The U.S. corporate tax system is coming apart at the seams.

It is built on the presumption that companies headquartered in the United States have their legal domicile in the United States. Twenty years ago it was unthinkable that any U.S. company would move abroad. Now under pressure from private equity firms, boards of directors, and competitors, it may become unthinkable if they don't consider it. In the summer of 2014, every major U.S. company must give the option serious consideration or risk being left in an uncompetitive tax position. With each inversion deal that gets done, the case for other companies to take the plunge becomes more compelling.

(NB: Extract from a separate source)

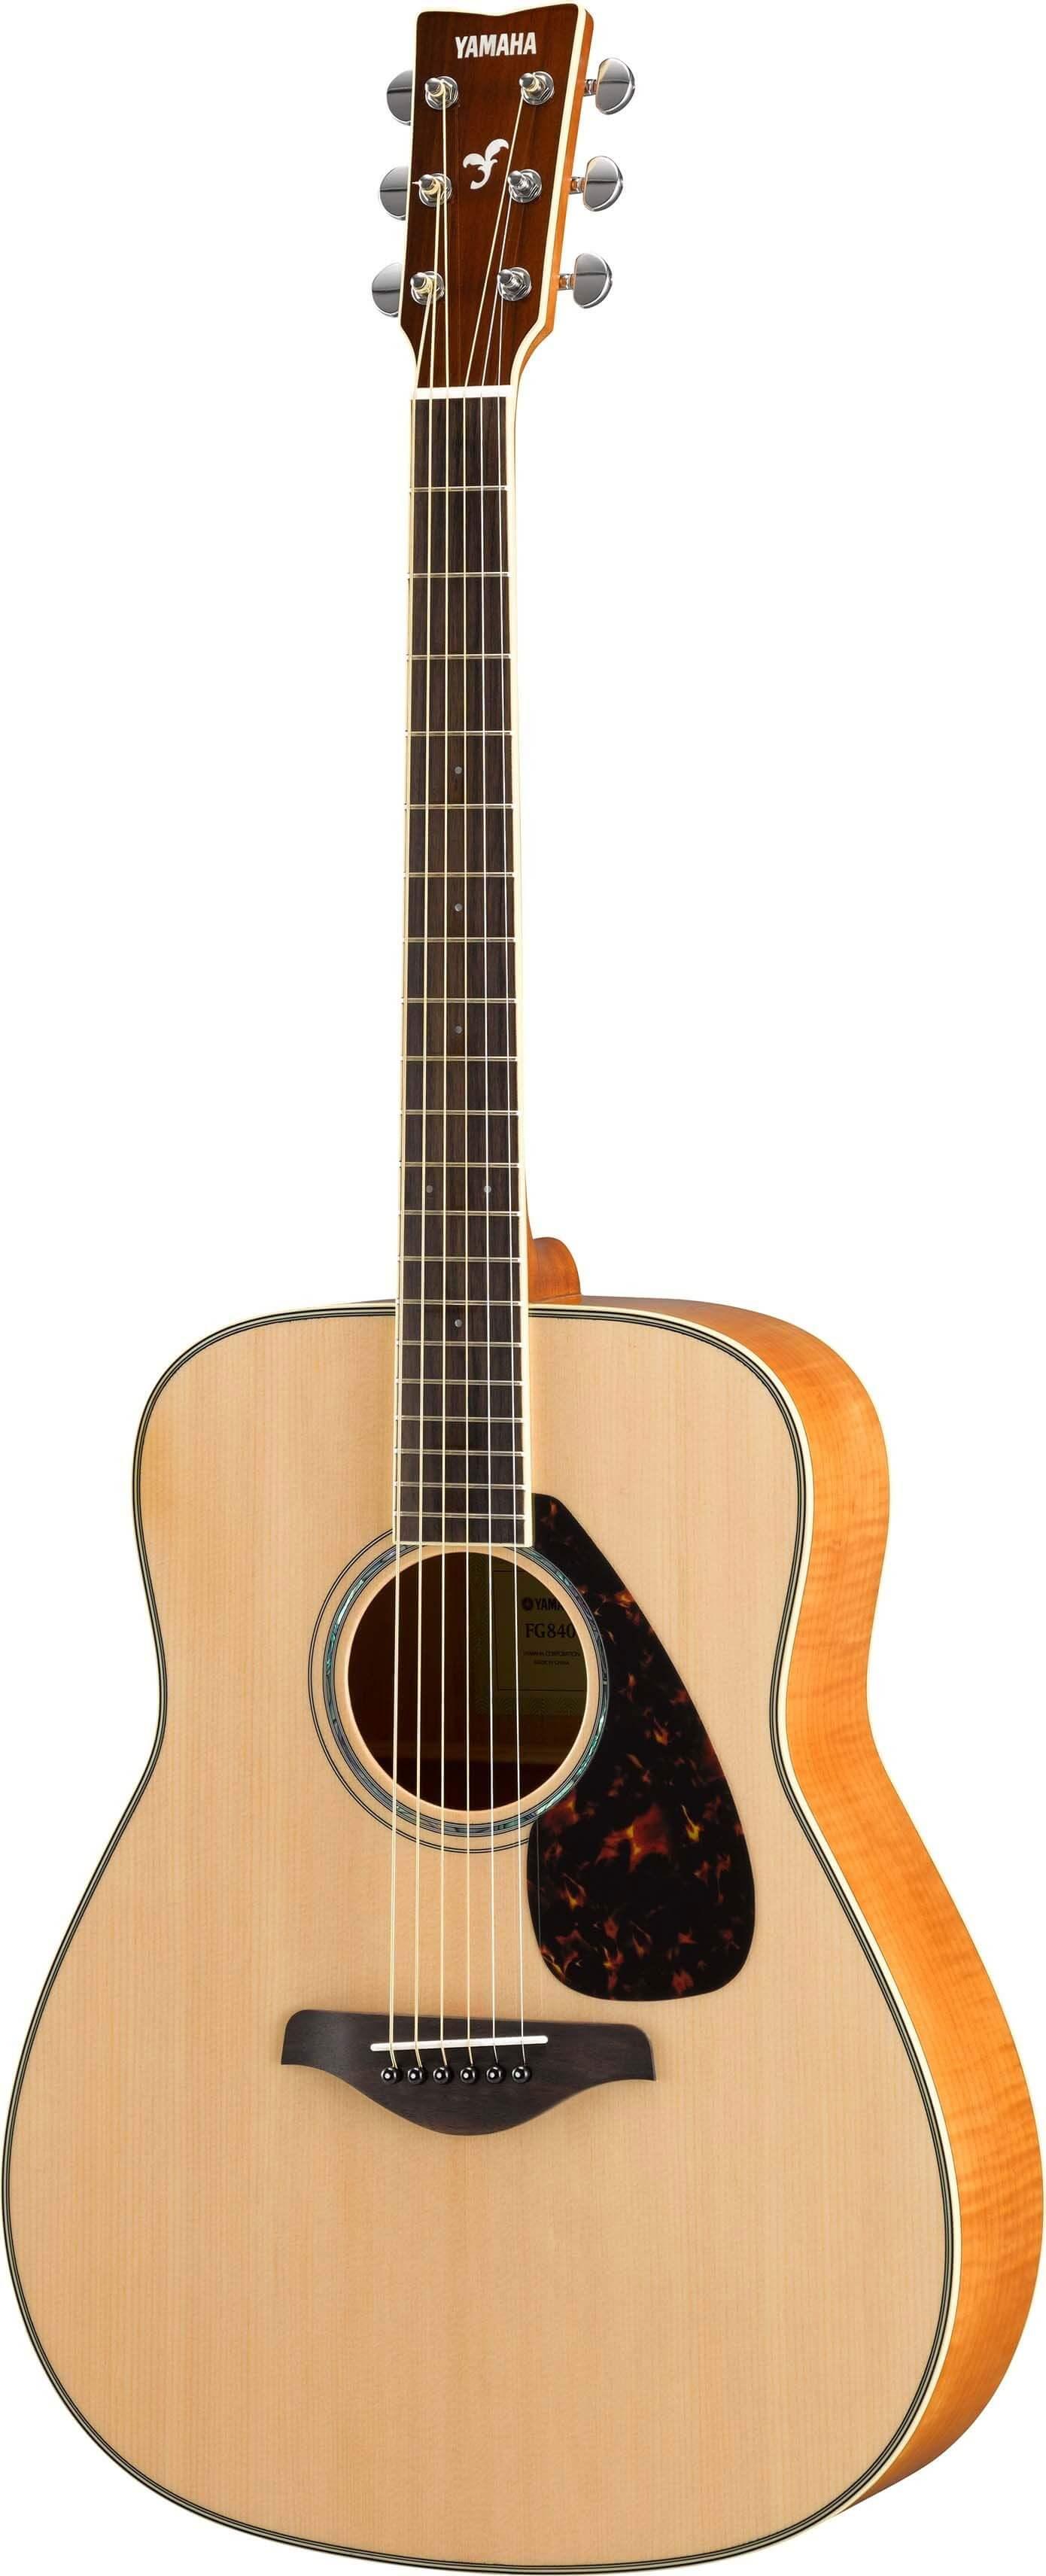 Guitarra Acústica Yamaha FG840 Natural

In the latest development, Medtronic is acquiring Irish-based Covidien (itself a recent spinoff of U.S.-based Tyco) so that it can free itself of all the tax complications of being legally domiciled in the United States. On June 15 the two companies announced that their boards had unanimously approved a definitive agreement to do the deal.

English: The world headquarters of Medtronic, Fridley, Minnesota, USA. (Photo credit: Wikipedia)

As with the proposed but failed Pfizer acquisition of U.K.-based AstraZeneca, the primary motivation for this deal is not an immediate cut in U.S. taxes---as will be the case if high-tax Walgreens buys the U.K-based drugstore chain Boots.

Like pharmaceutical and high-tech companies, medical device companies are loaded with intellectual property. Under U.S. law, it is easy to move these highly profitable assets to tax havens and avoid U.S. tax as long as those profits are not distributed as dividends back to the U.S. parent. The table below shows that Medtronic is better than most at this. Its average effective tax rate over the last two years was 18 percent--significantly below that of most of its U.S. and foreign competitors.

The main benefit to Medtronic after the inversion will be that the billions of profits it generates outside the United States each year can now be deployed to pay dividends and to buy other U.S. companies without paying U.S. tax. And when it buys other U.S. companies, those companies’ foreign profits can also be moved outside the U.S. tax net. Medtronic is establishing a tax-efficient platform for future mergers and acquisitions.

Meanwhile, back in the unreal world of Washington, the leaders of the Senate Finance Committee -- Chair Ron Wyden and ranking member Orrin Hatch -- are moving at a snail’s pace. Rather than directly dealing with these fast-breaking developments, they are using the public outcry against these deals to ignite interest in their otherwise moribund efforts at tax reform. On June 5 they announced that after they hold two other hearings, they will then hold a July hearing on tax system modernization. They may have to move more quickly than that or a haphazard and unprincipled tax reform will take place on its own.